Dies wurde auch durch die Argumentation untermauert, dass sich vorwiegend inhaftierte, ehemalige Prostituierte freiwillig meldeten, um als Sex-Zwangsarbeiterinnen zu arbeiten. Diese unterstellte Freiwilligkeit ehemaliger „Gewerblicher“ war auch der Grund dafür, dass das Thema

„Sex-Zwangsarbeit“ lange nach 1945 nicht als Zwangsarbeit im eigentlichen Sinne angesehen und identifiziert wurde.

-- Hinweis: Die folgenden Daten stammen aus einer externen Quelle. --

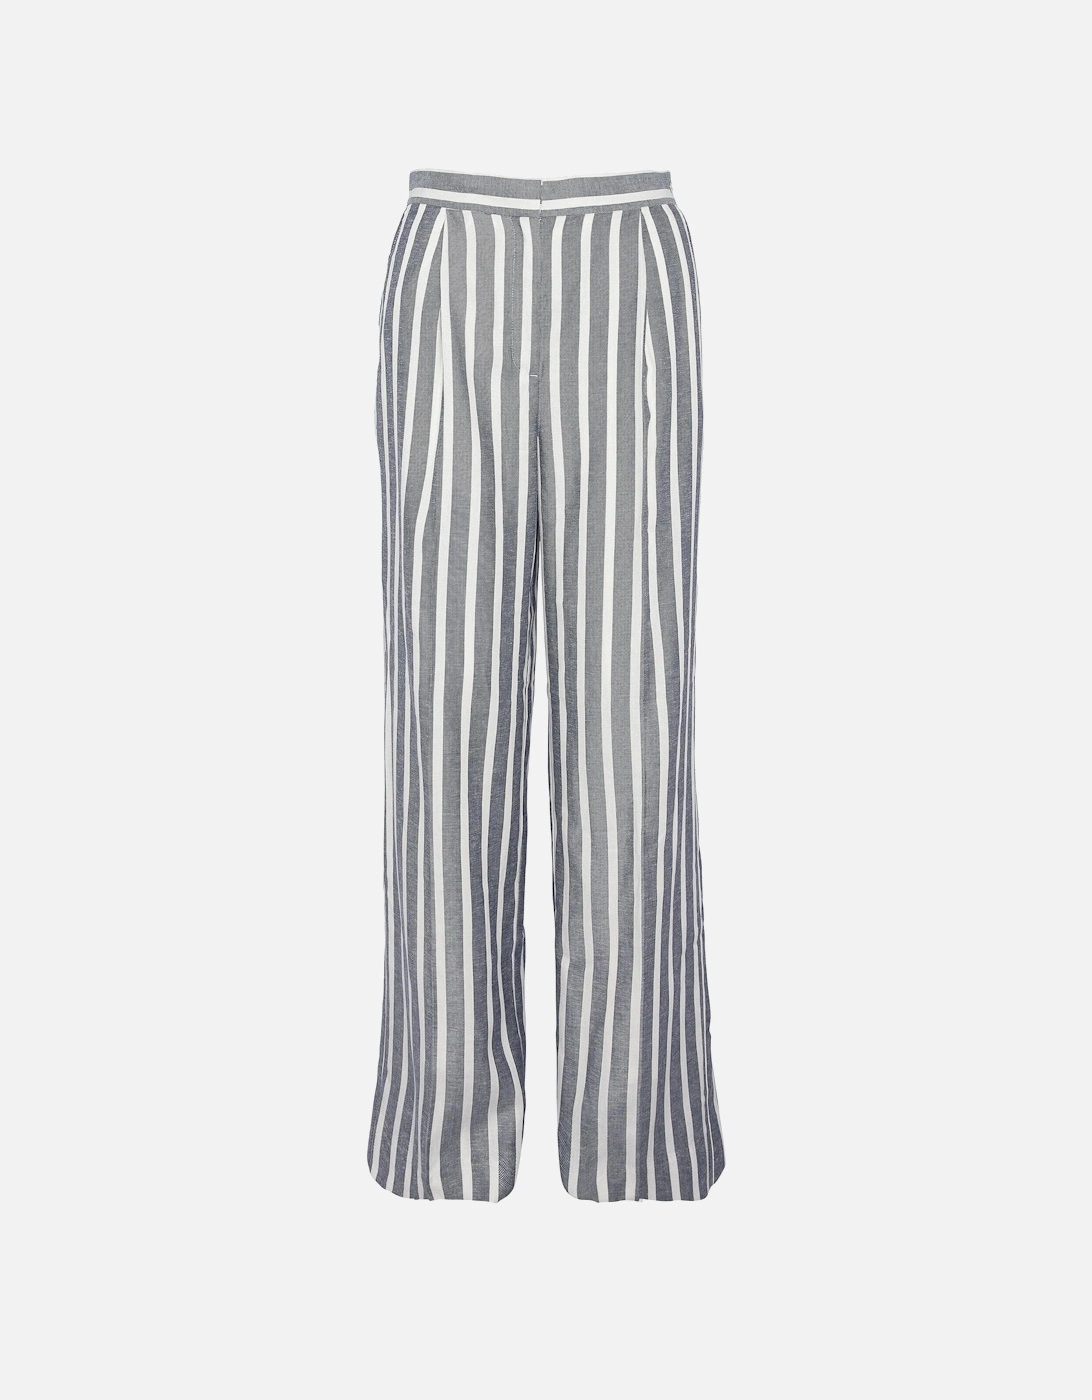 Annalise Womens Linen Trousers

Selbst ehemalige männliche KZ-Häftlinge verklärten die Sicht der Dinge in der Rückschau auf „schöne gemeinsame Zeiten“ mit den Sex-Zwangsarbeiterinnen.247

Die österreichische Schriftstellerin Elfriede Jelinek bringt in einer Rede, gehalten im Jüdischen Museum Wien am 23.06.2004, die Traurigkeit auf den Punkt:

„(…) Sie sprechen, wie ich jetzt, darum herum, als ob das Ausradierte nie mehr wieder beschrieben werden könnte, im wahrsten Sinn des Wortes, be-schrieben, als ob durch das dem Verstand eben zuwiderlaufende Demütigen und Auslöschen von Menschen in derart großer Zahl ein blinder Fleck, ein schwarzes Loch entstanden wäre, das alles schluckt. Es hält kein Schreiben mehr, wo durch Radieren ein Loch entstanden ist. Das, was ich sagen könnte, kann ja gar nicht halten. Aber diese Frauen mussten es aus-halten, (…)“.248

246 Vgl Eschebach/Jedermann, Sex-Zwangsarbeit in NS-Konzentrationslagern, Feministische Studien 2007 25/1, 122 (124).

247 Vgl Eschebach/Jedermann, Sex-Zwangsarbeit 122 (124).